(DATA EXTRACT Opens)

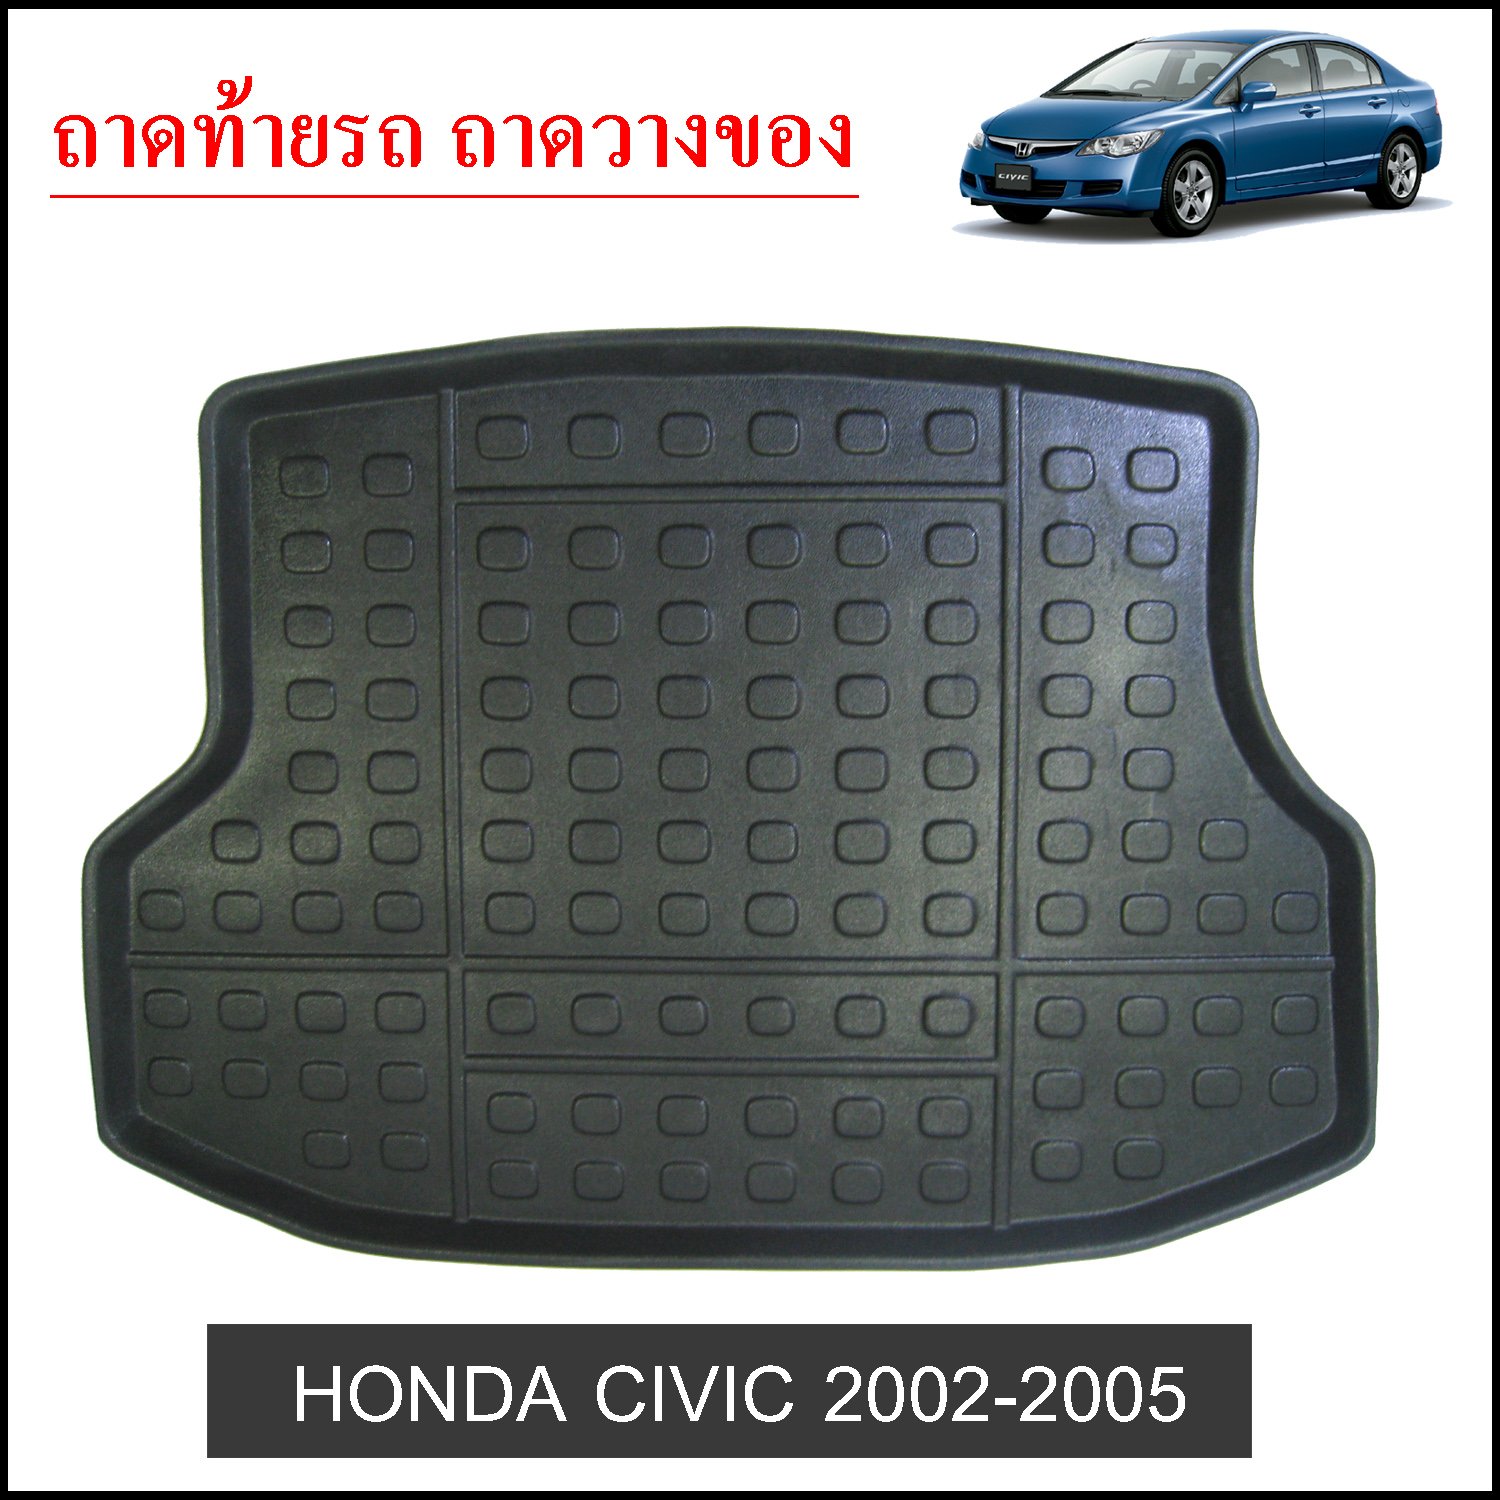 Honda Civic 2002-2005
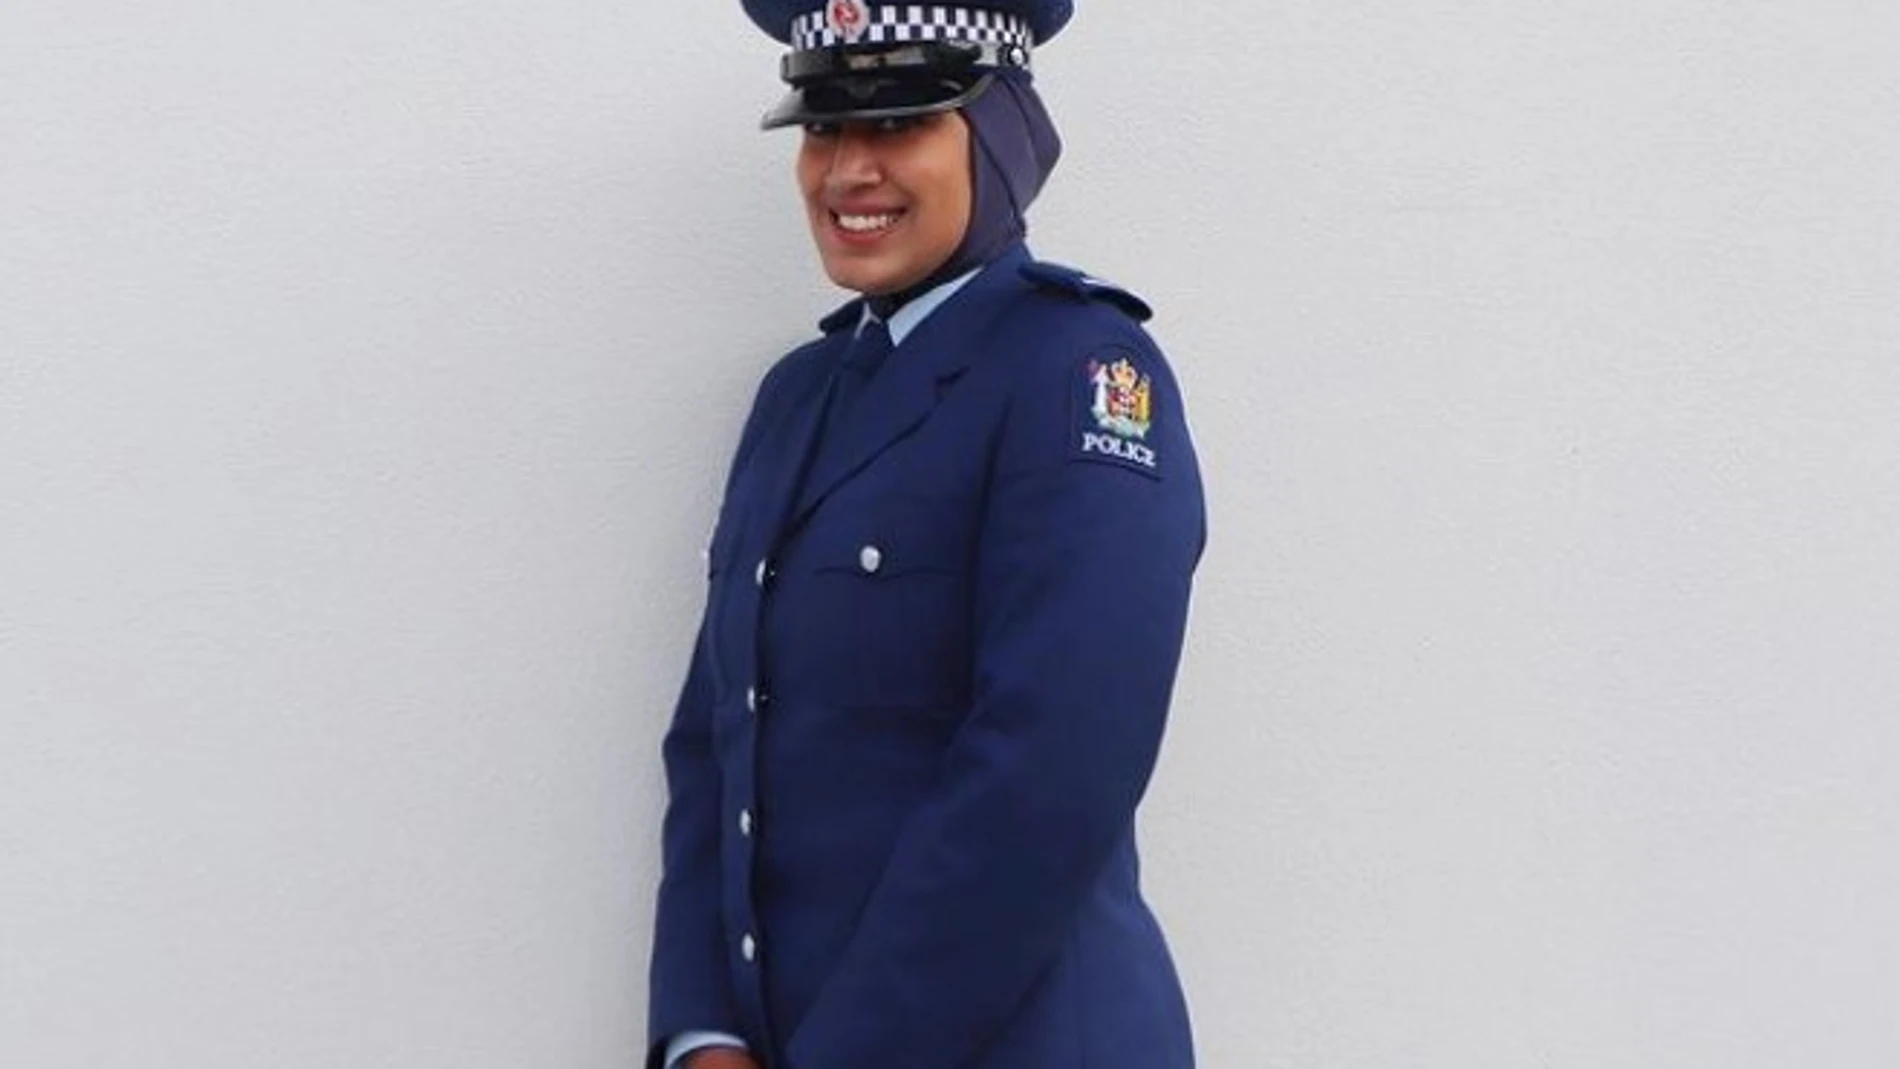 Imagen del uniforme policial con hiyab publicada en la cuenta de Instagram de la Policía de Nueva Zelanda
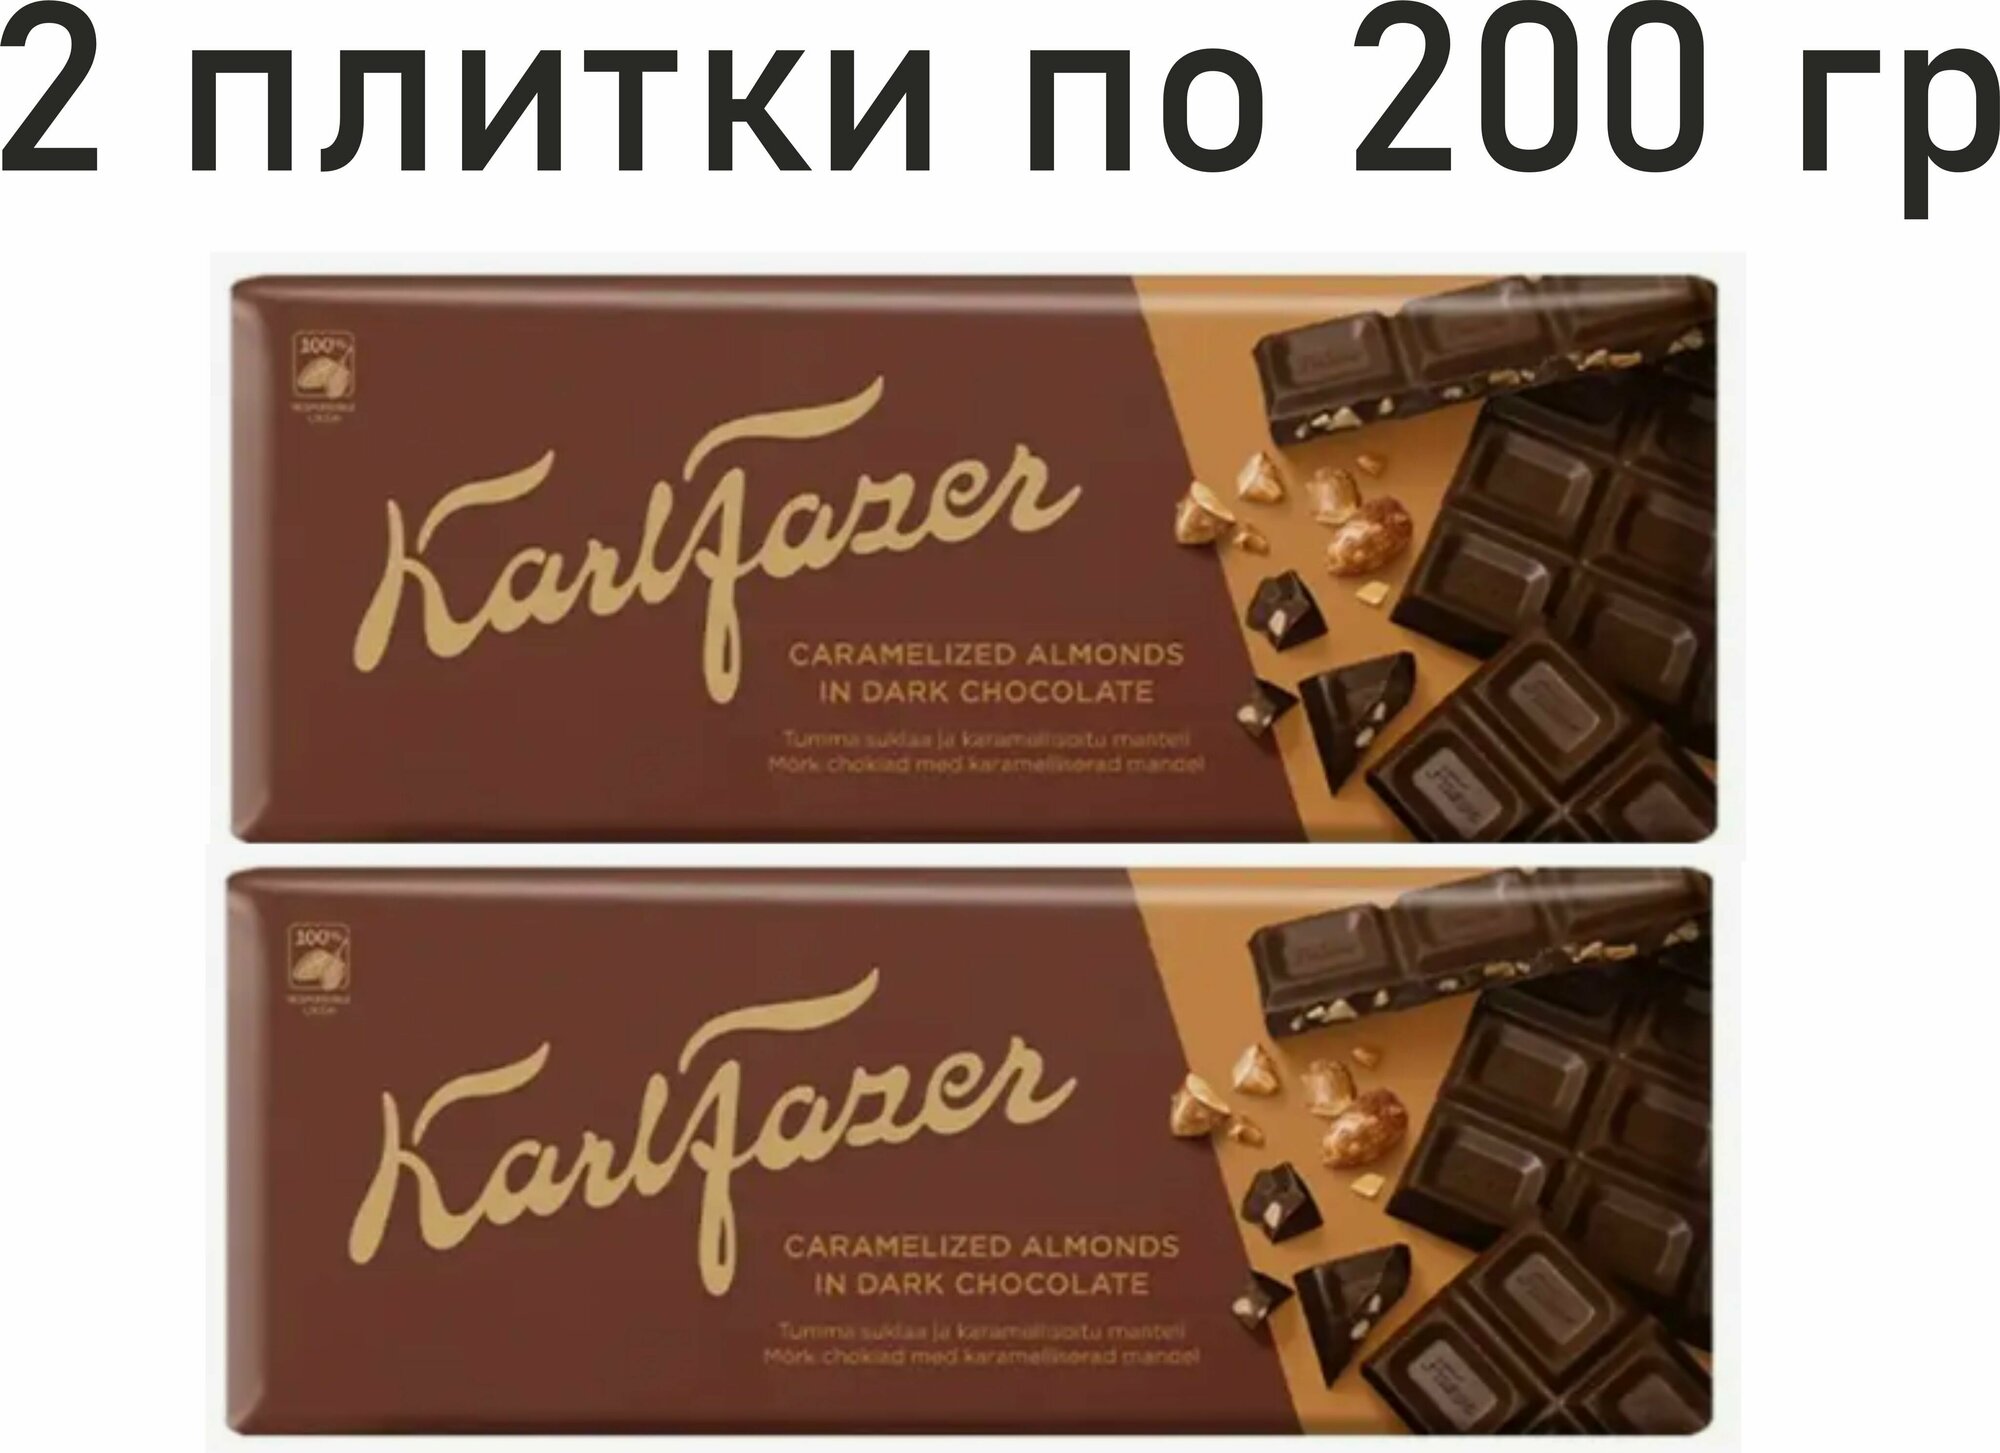 2 шт. Шоколад темный с карамелизированным миндалем, Karl Fazer, 200 гр (400 гр) Финляндия

(DATA EXTRACT Closes)

Each line above should be written out again unchanged; no images are to be carried over.

 Honda Civic 2002-2005
 Imagen del uniforme policial con hiyab publicada en la cuenta de Instagram de la Policía de Nueva Zelanda
 2 шт. Шоколад темный с карамелизированным миндалем, Karl Fazer, 200 гр (400 гр) Финляндия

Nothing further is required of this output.